Обсуждение: Proposed cleanup of index-related planner estimation procedures

Поиск

Список

Период

Сортировка

Proposed cleanup of index-related planner estimation procedures

От

Tom Lane

Дата:

05 января 2000 г., 23:25:23

I am thinking about redefining and simplifying the planner's interface
to index-type-dependent estimation routines.

Currently, each defined index type is supposed to supply two routines:
an "amopselect" routine and an "amopnpages" routine.  (The existing
actual routines of this kind are btreesel, btreenpages, etc in
src/backend/utils/adt/selfuncs.c.)  These things are called by
index_selectivity() in src/backend/optimizer/util/plancat.c.  amopselect
tries to determine the selectivity of an indexqual (the fraction of
main-table tuples it will select) and amopnpages tries to determine
the number of index pages that will be read to do it.

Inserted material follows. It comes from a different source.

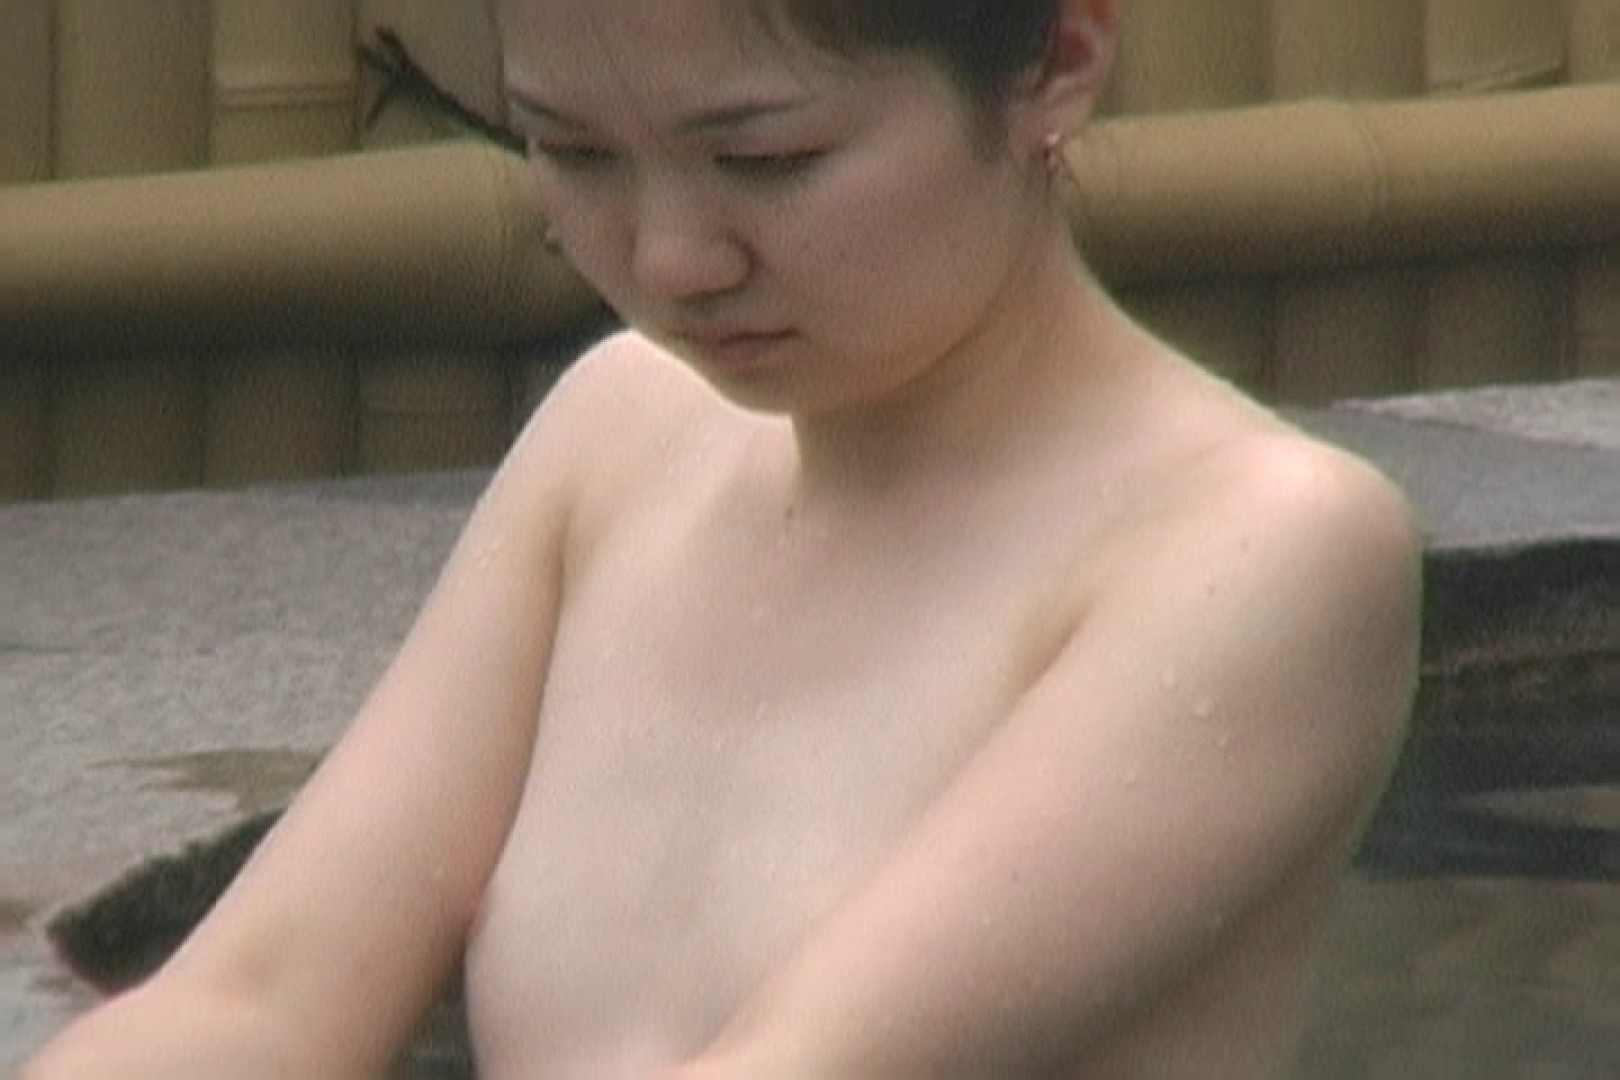 Aquaな露天風呂Vol.641 盗撮師作品 | 露天風呂突入  97pic 40

Now, this collection of code is largely redundant with
optimizer/path/clausesel.c, which also tries to estimate the selectivity
of qualification conditions.  Furthermore, the interface to these
routines is fundamentally misdesigned, because there is no way to deal
with interrelated qualification conditions --- for example, if we have
a range query like "... WHERE x > 10 AND x < 20", the code estimates
the selectivity as the product of the selectivities of the two terms
independently, but the actual selectivity is very different from that.
I am working on fixing clausesel.c to be smarter about correlated
conditions, but it won't do much good to fix that code without fixing
the index-related code.

What I'm thinking about doing is replacing these two per-index-type
routines with a single routine, which is called once per proposed
indexscan rather than once per qual clause.  It would receive the
whole indexqual list as a parameter, instead of just one qual.
A typical implementation would just call clausesel.c's general-purpose
code to estimate the selectivity, and then do a little bit of extra
work to derive the estimated number of index pages from that number.

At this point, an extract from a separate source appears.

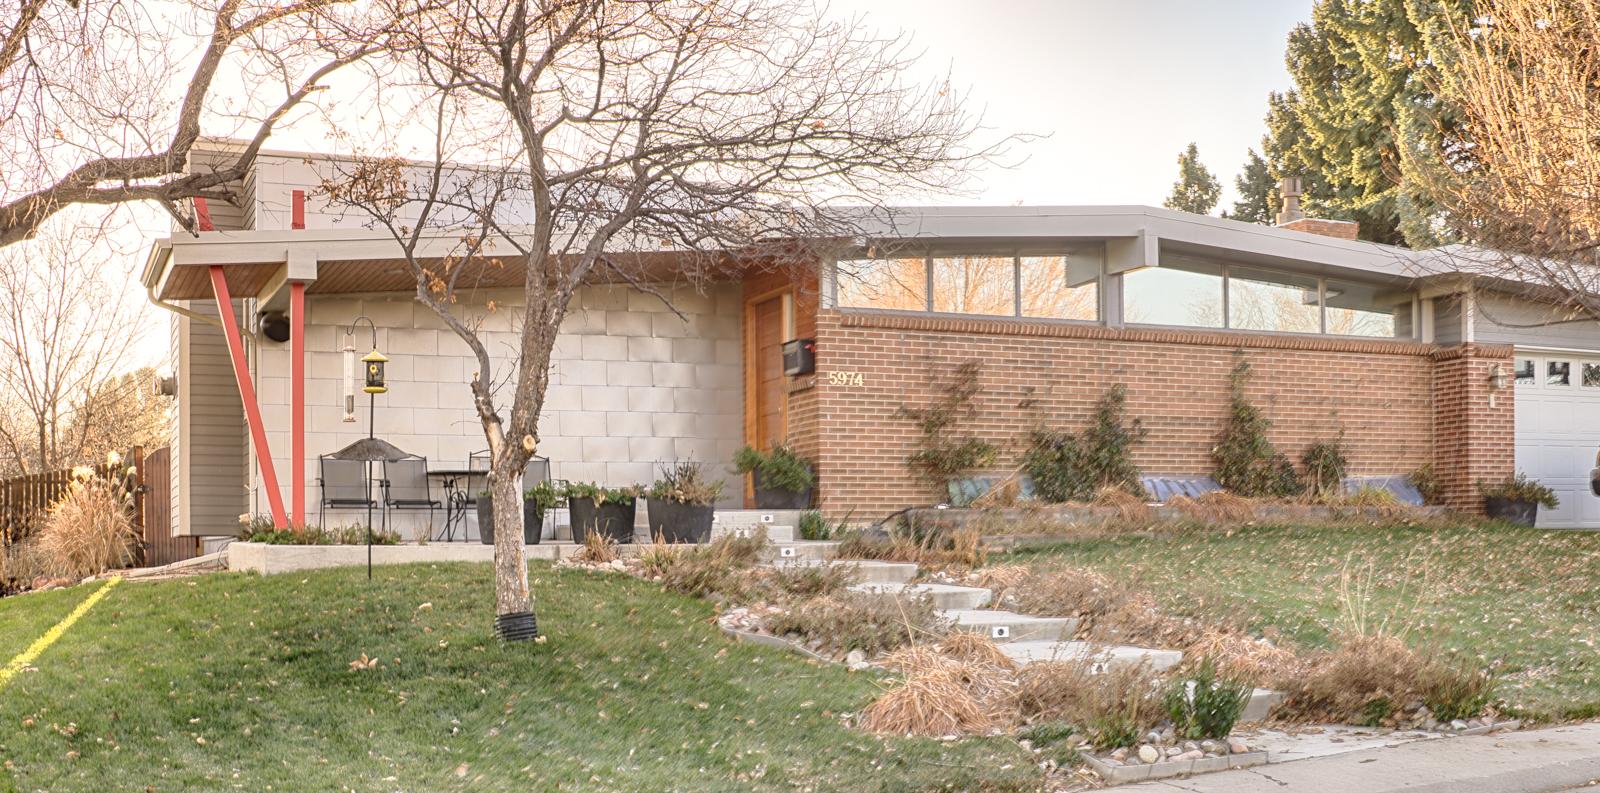 Adrian-Kinney-Dream-House-Acres-3.jpg

I suppose the original reason for having amopselect at all was to allow
exploitation of index-specific knowledge during selectivity estimation
--- but none of the existing index types actually provide any such
knowledge in their amopselect routines.  Still, this redesign preserves
the flexibility for an index type to do something specialized.

A possible objection to this scheme is that the inputs and outputs
of these routines would be structs that aren't full-fledged SQL types
(and no, I'm not willing to promote parser expression trees into an
SQL type ;-)).  But I don't think that's a real problem.  No one is
going to be inventing new index types without doing a lot of C coding,
so having to write the amopselect routines in C doesn't seem like a
big drawback.

Comments, objections, better ideas?
        regards, tom lane

Re: [HACKERS] Proposed cleanup of index-related planner estimation procedures

От

Bernard Adrian Frankpitt

Дата:

06 января 2000 г., 12:59:32

Tom Lane wrote:
> 
> I am thinking about redefining and simplifying the planner's interface
> to index-type-dependent estimation routines.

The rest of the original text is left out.